------ Supplied entries

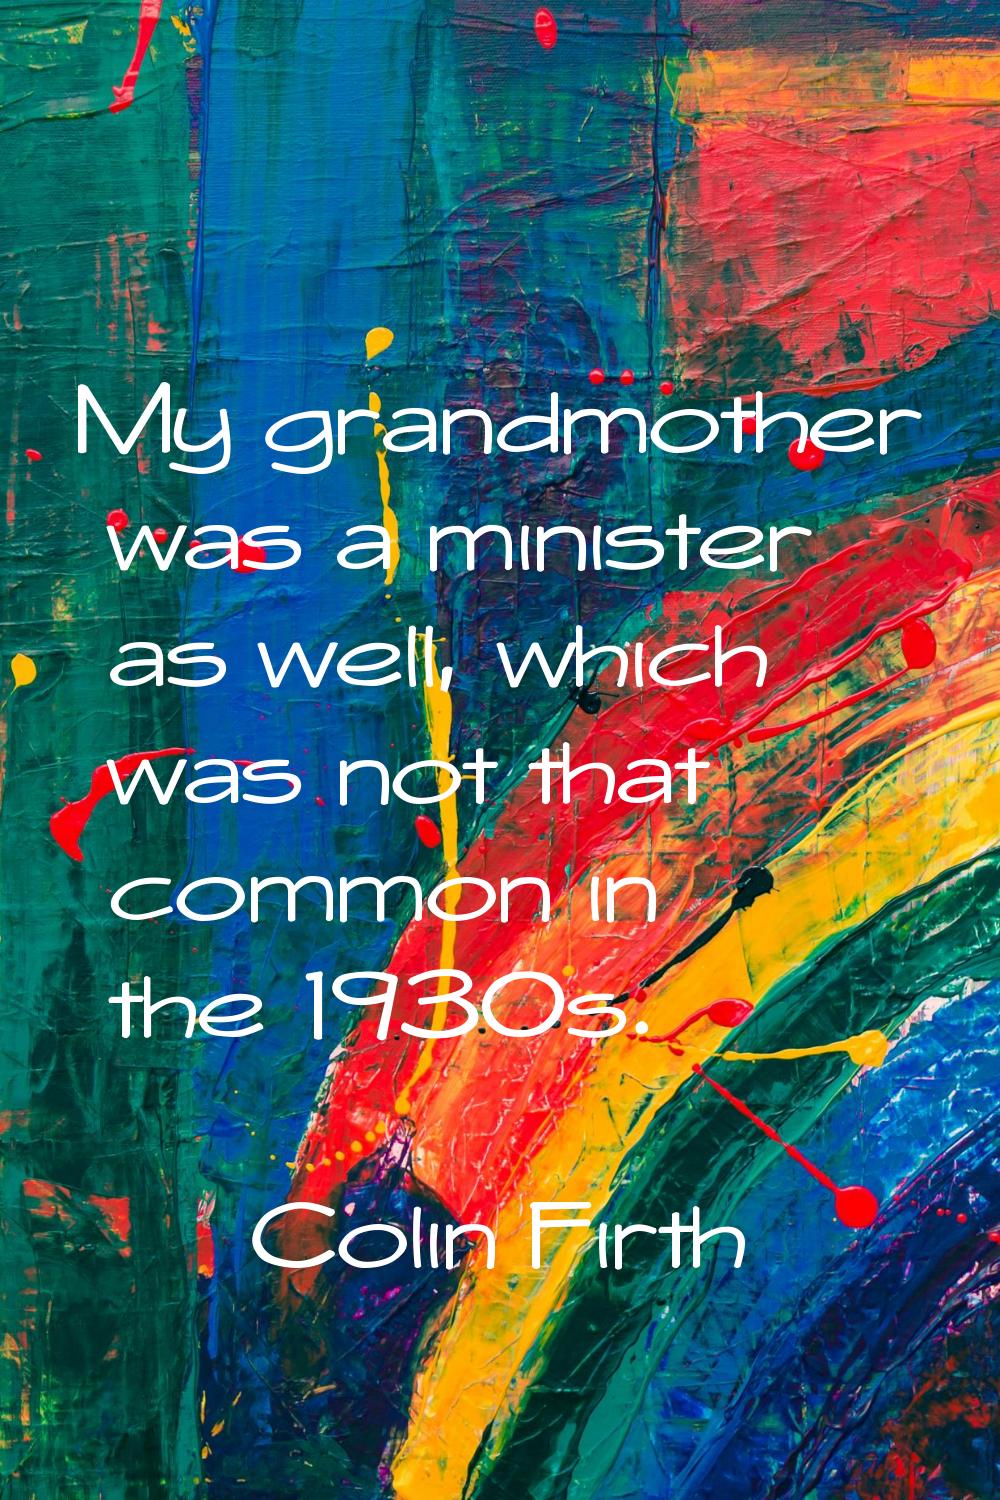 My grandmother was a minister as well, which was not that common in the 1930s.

------------
------ Supplied entries

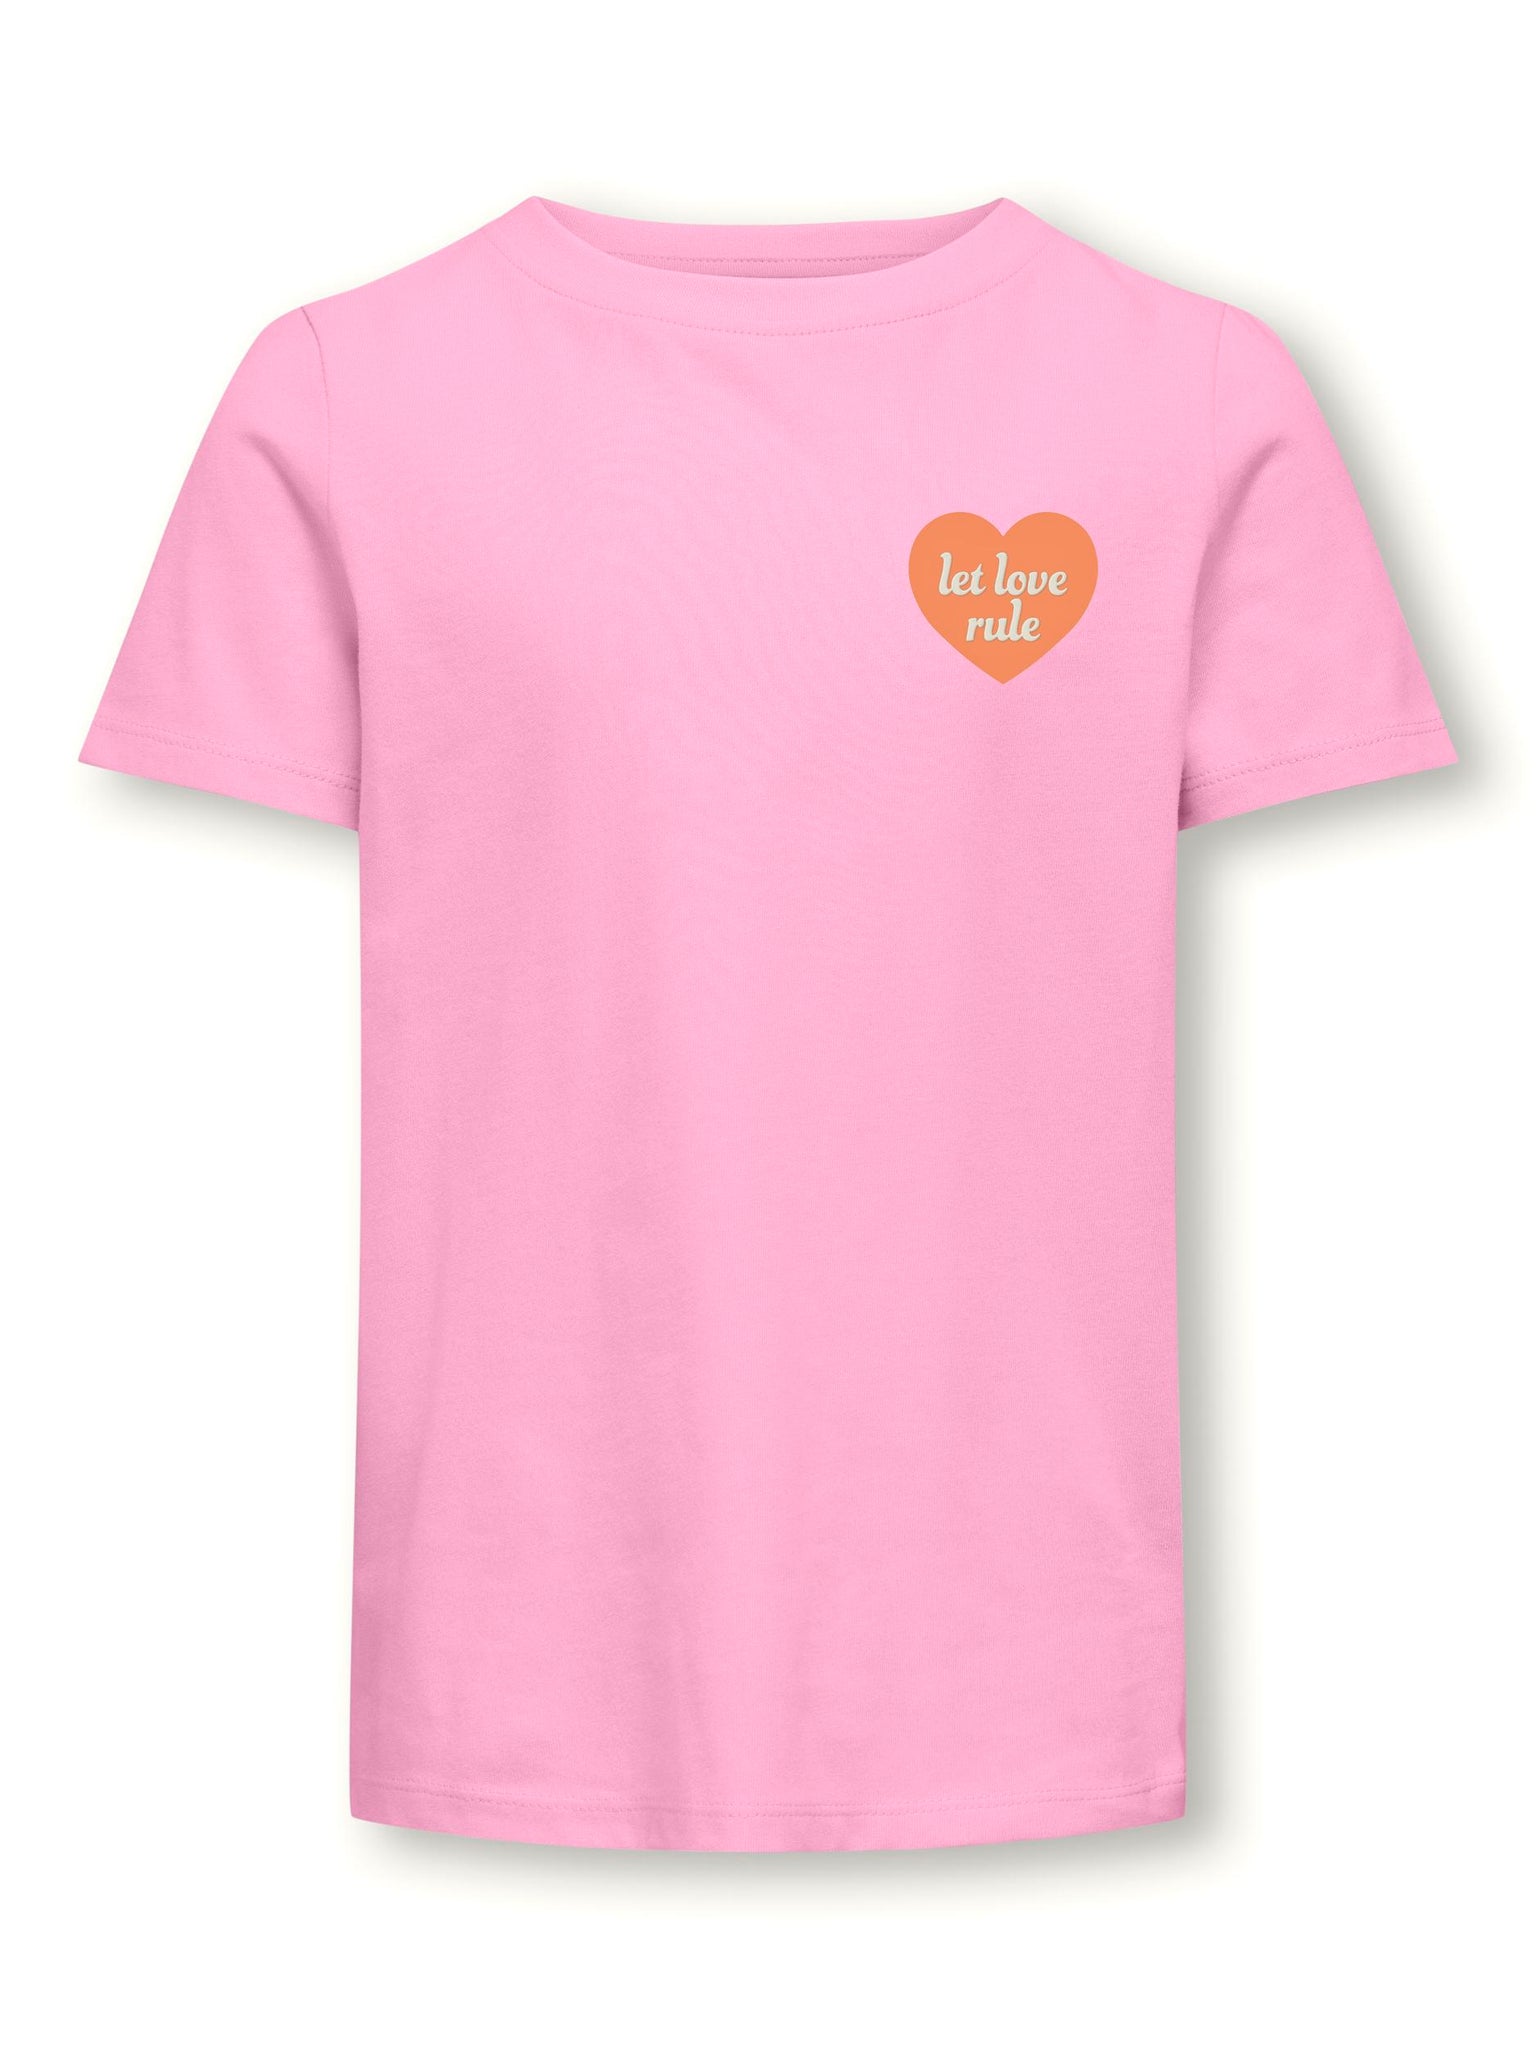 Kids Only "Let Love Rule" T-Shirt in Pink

------------
------ Supplied entries

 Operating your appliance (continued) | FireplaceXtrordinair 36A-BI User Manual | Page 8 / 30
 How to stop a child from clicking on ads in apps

------------

Instructions to follow | Extract the lines of the preceding material that run from the line with "Operating your appliance" through the line with "How to stop", inclusive, reproducing them exactly and adding nothing.

Your solution |
 Operating your appliance (continued) | FireplaceXtrordinair 36A-BI User Manual | Page 8 / 30
 How to stop a child from clicking on ads in apps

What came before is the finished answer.